Adventure – Amusing reflections
Posted on June 3rd, 2019

Laksiri Warnakula

Attempts to conquer heights, be it a mountain or any other carry their own perils and risks. Generally, glory and peril walk side by side in such endeavors, until the former or the latter wins, in the end”.

Already eleven or twelve climbers have perished on the slopes of the Mount Everest, in this year alone and that is only so far. This sad news made me ponder on ‘the diverse nature of adventure and that craving for a bit of it present in almost every human being and the question how much or less of it in each one of us is there, longing for those quests, some of which are unbelievably dangerous?’

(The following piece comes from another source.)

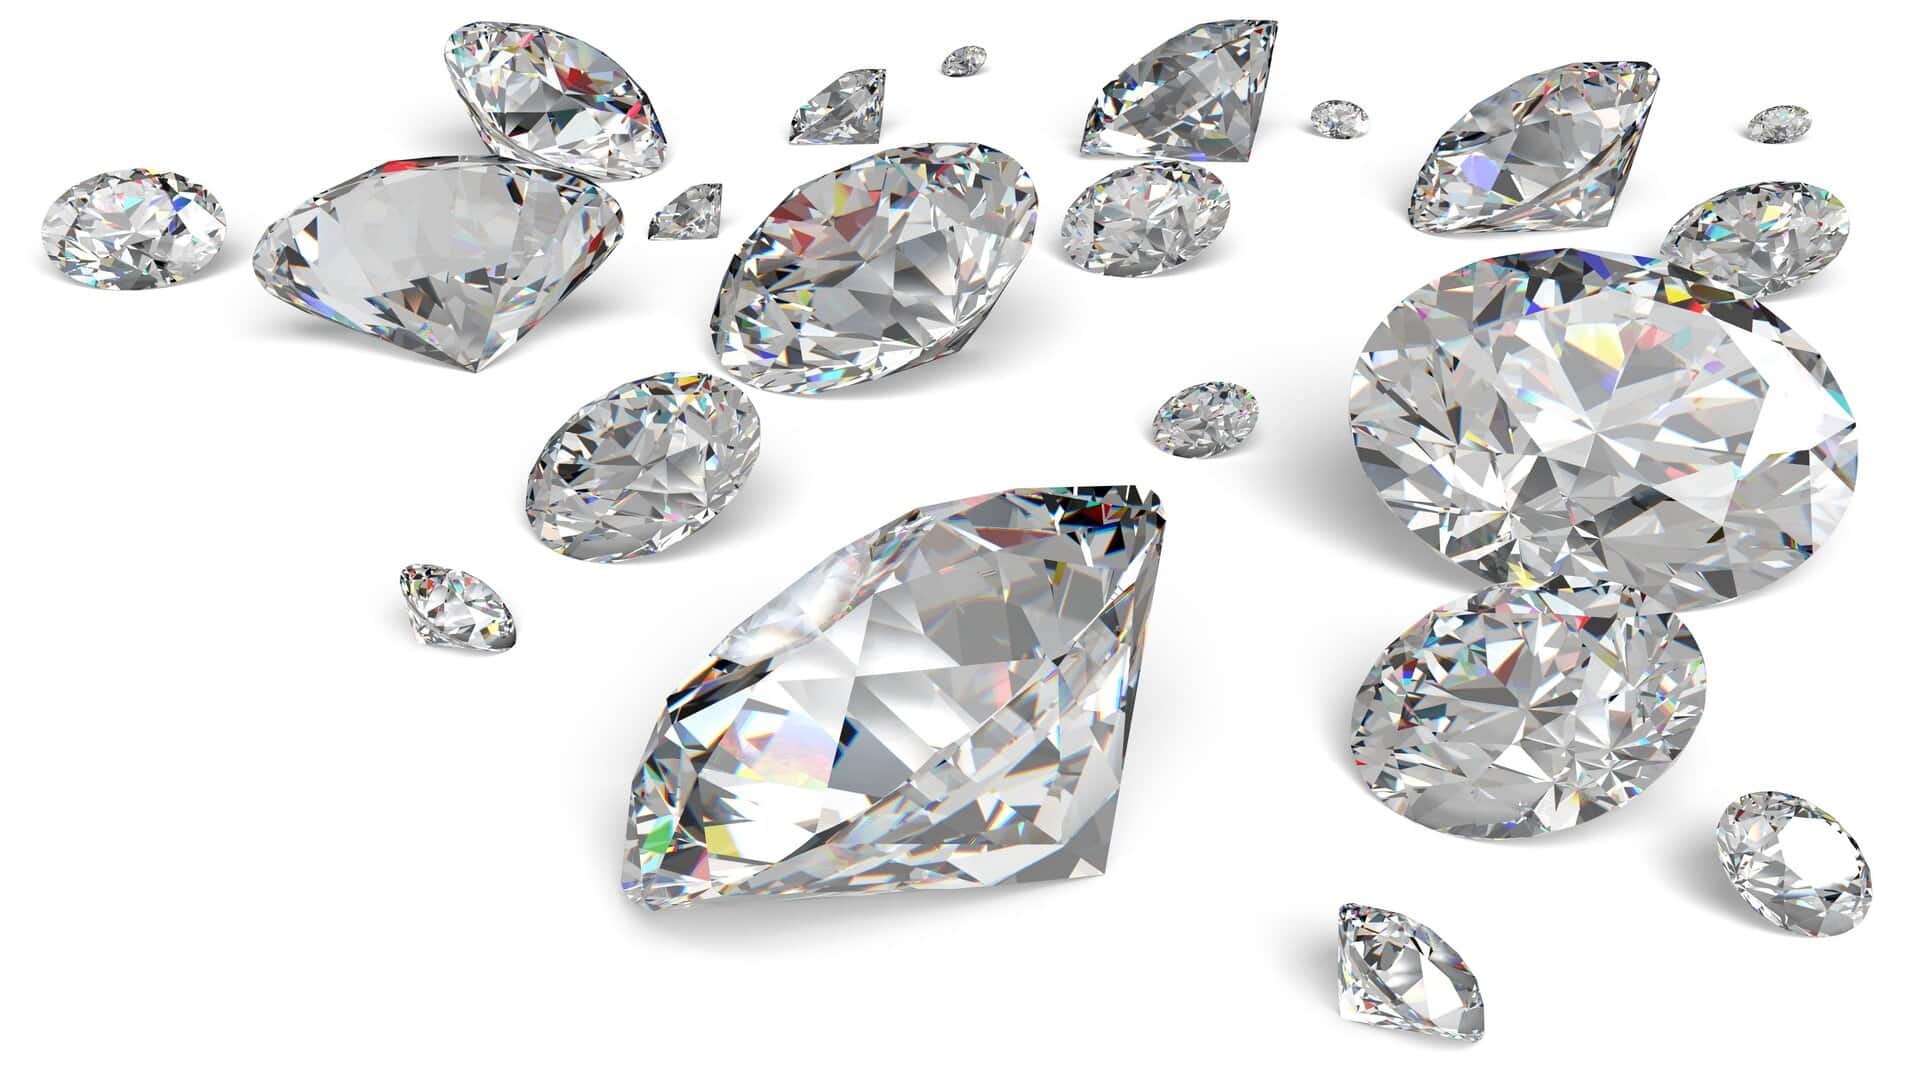 Diamond exporters keen to increase shipments to Southeast Asian markets

Now at one end of the scale are the minimal risk takers with hardly any love for or sense of adventure at all, who cannot even be persuaded to climb anything higher than an anthill or dare venture out further than to a depth around knee level in any water body, be it a pool, a lake, a river or even the mighty ocean. They live lives governed by the principle that as long as you keep away from everything that has even the slightest chance of going wrong, you are safe. However, the question is can you find such absolute and guaranteed safety in this world of ours, where your safety depends as much on numerous external factors that are beyond your control?

Yet our minimal risk takers don’t get deterred or disturbed by such arguments. They would as best as they can try to avoid anything and everything that they think may put them in danger. And they are also firm believers in superstition so much so that they will truly think that the little house gecko, who is going after a mosquito on a wall suddenly abandons its stalking and decides to come up with its usual chattering call ‘chuck, chuck, chuck’, is actually telling them that it’s a foreboding. And one of them might even hurriedly start looking for that handbook of ‘Huunu Sasthare’, if it happens to be at his/her home. Or what about that innocuous looking black cat that happens to be crossing the same patch of the road that our superstitious friend is walking along? Would his casual thoughts as regards it be limited in extent to ‘oh a poor stray cat on the prowl’: I doubt it.

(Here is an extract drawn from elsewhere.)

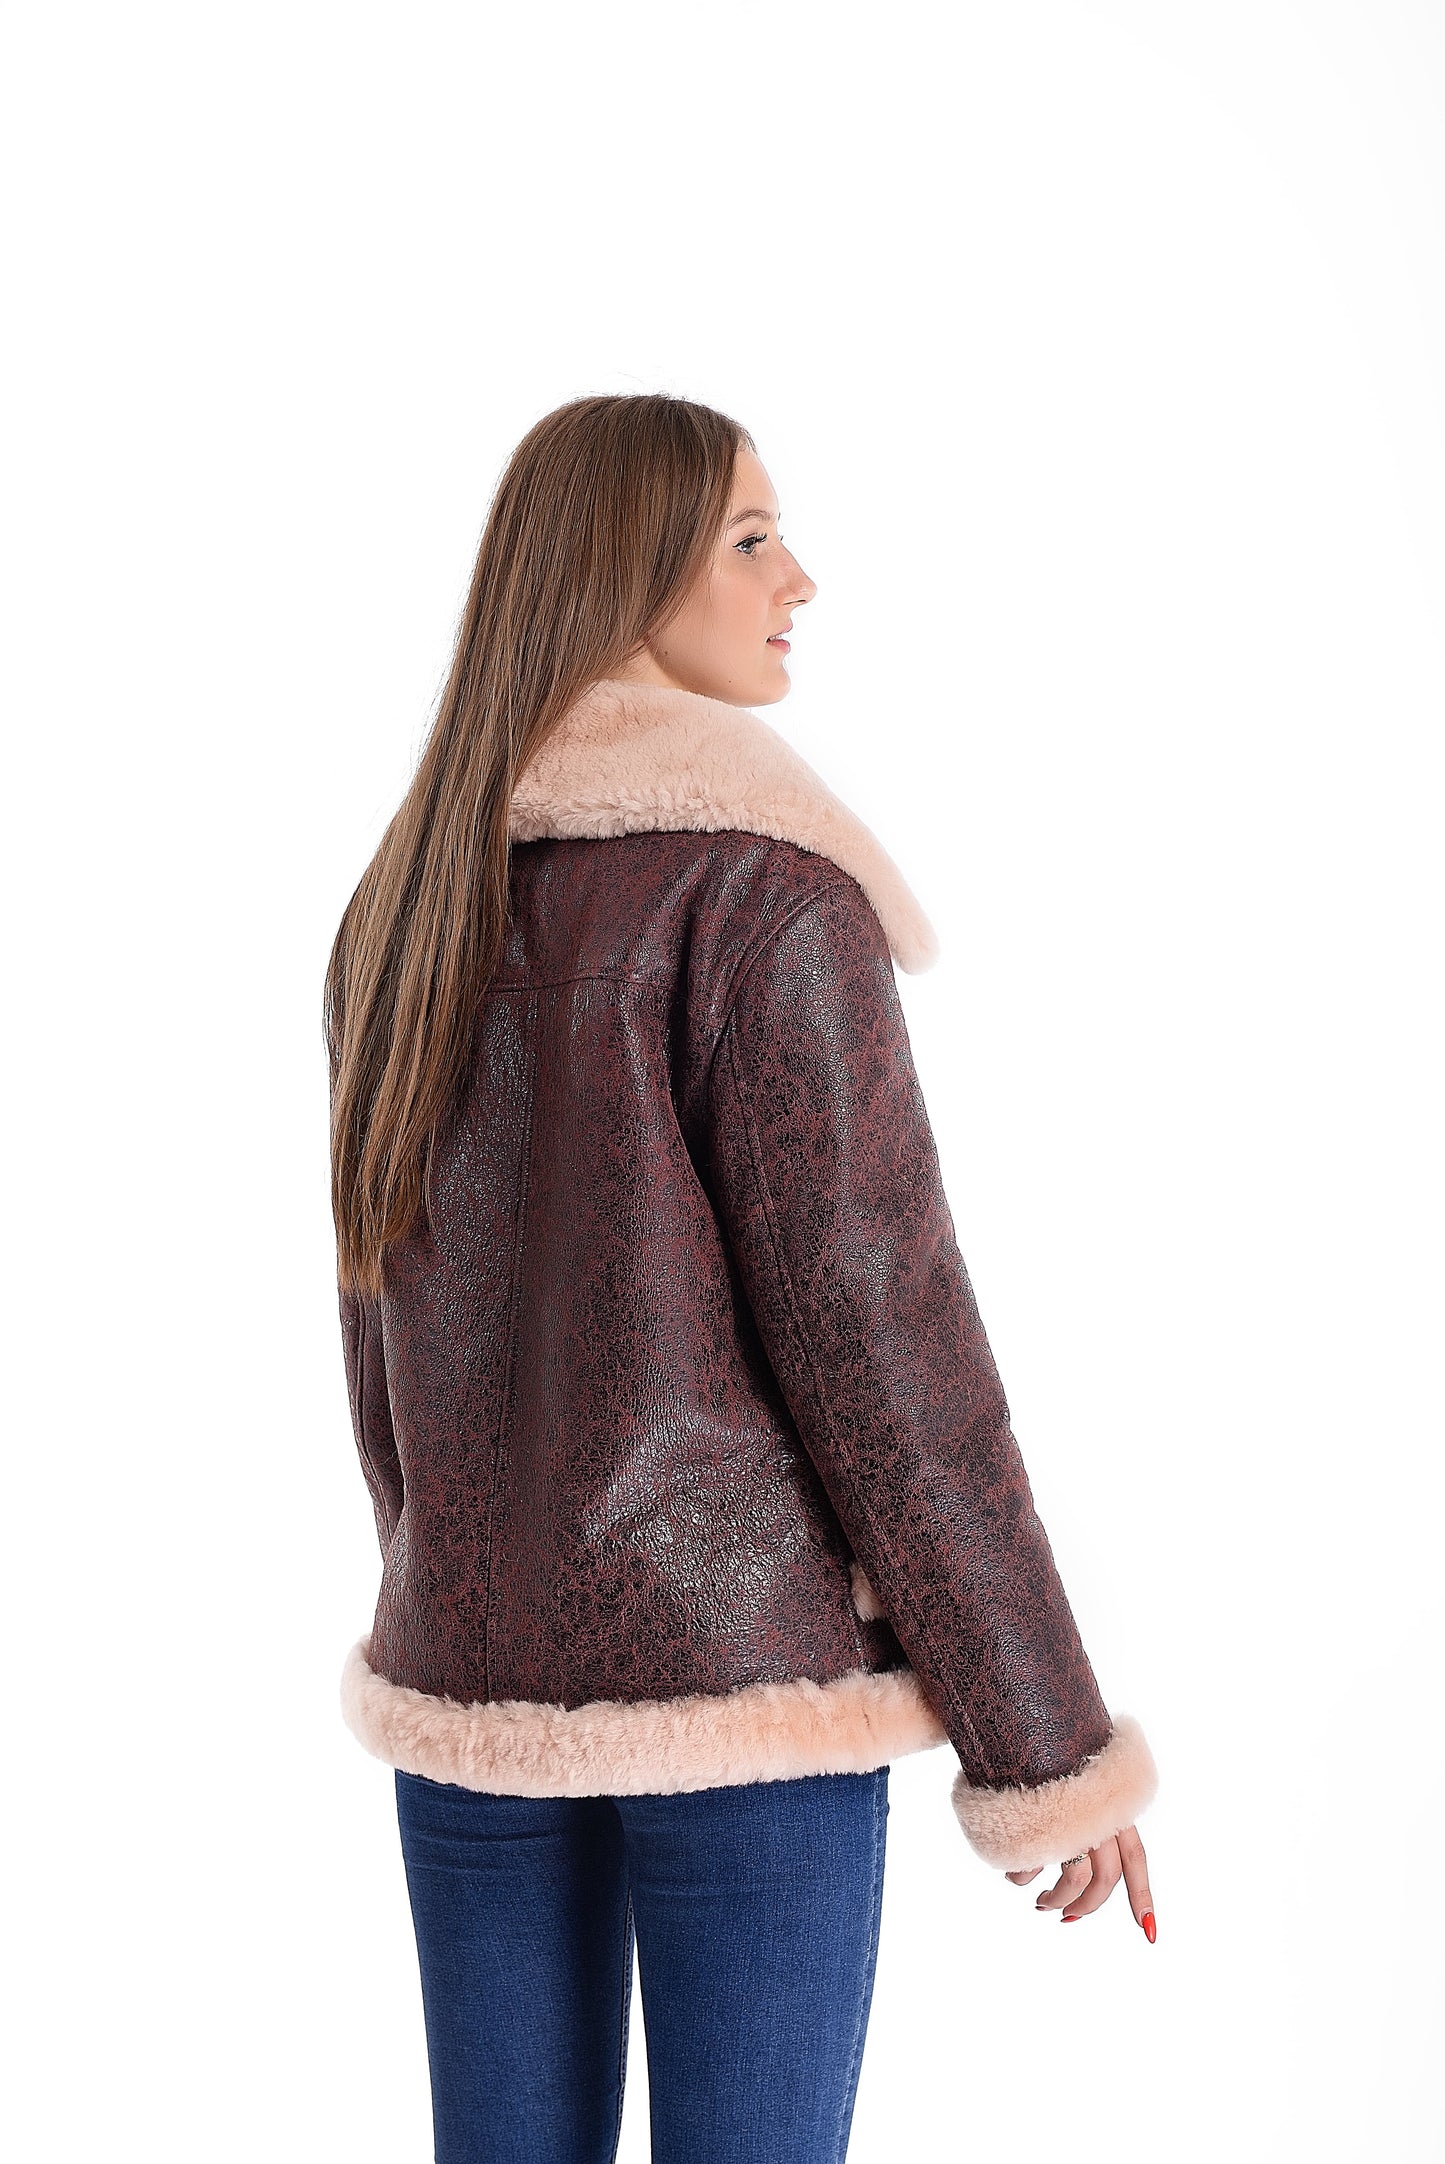 Sheepskin Shearling Womens Jacket with Beige Fur Around the Edges of the Pockets

Now at the other end of the scale are sitting the exact opposite, who enjoy risk-taking and relish it, going for adventures of all sorts, mostly very dangerous and doing it for the sake of glory, sheer thrill, sense of achievement and so on and so forth.  

And apart from those extremely challenging and dangerous adventures such as mountain-climbing, there are other equally dangerous and at the same time immensely foolish ones too that some of our friends at the other extreme end of the scale tend to go for. To keep it short, I will site only a couple here. But then before going any further; ‘isn’t there a degree of foolishness attached to all extreme types of adventure and sport, anyway?’

Poking one’s head into the cavernous mouth lined with razor-sharp, sawtooth-like dental armour of a fifteen-foot alligator is one, for example. This present-day descendant of the dinosaurs that roamed the earth millions of years ago, is said to have only a tiny brain even after all those eons that have passed by, and it’s more like a chancy game of Russian roulette, when or whether the creature decides to shut its snout with a human neck inside it for chewing at leisure. 

And then we have some, who, adequately emboldened by alcohol and apparently empowered by those ‘Ali manthara’ dare challenge a wild elephant that is peacefully chomping away on a leafy branch in a patch of jungle. In spite of being called gentle giants and quite correctly so, they too like us the humans don’t take it lightly, when someone tries to invade their personal space. And unfortunately, those who dared to do so, didn’t live to tell the rest of the tale, as far as I know. 

Now, this particular form of adventure could be more or less limited and quite unique to, Sri Lanka only.  And then I am not sure whether this kind of sheer stupidity should be called an adventure at all, other than that it is plain suicide. However, according to the ‘Oxford English Dictionary’ an adventure is; ‘An unusual and exciting or daring experience, Excitement associated with danger or taking of risks, A reckless or potentially hazardous action or enterprise’ etc. So, it, nevertheless, is adventure too, of some kind.

Anyway, engaging in true adventure is no doubt challenging and once accomplished, can be very exhilarating too. To the person, who wins in the end beating all odds, I am sure it brings a great sense of achievement and fulfillment, a magical sensation of unburdening a weight that he/she had carried so long.

And before I leave, must I say for myself that I am somewhere in the middle of that scale or should I honestly admit that actually it is now far more to the left than to the right? Yes. Years have taken their toll and they did teach me a few lessons too!

Now this brief article wouldn’t be complete without a mention of a very special kind of an adventure, which is the political adventure. And particularly, in our land like no other, it is one adventure that still guarantees a victory in the end, if not glory. Isn’t a hefty pension after just five years of idling in Diyawanna environs along with ample real estate and other forms of wealth acquired and accumulated during that state-paid vacation, enough, whether one wins or loses, at the end of one’s adventurous tenure, so to speak?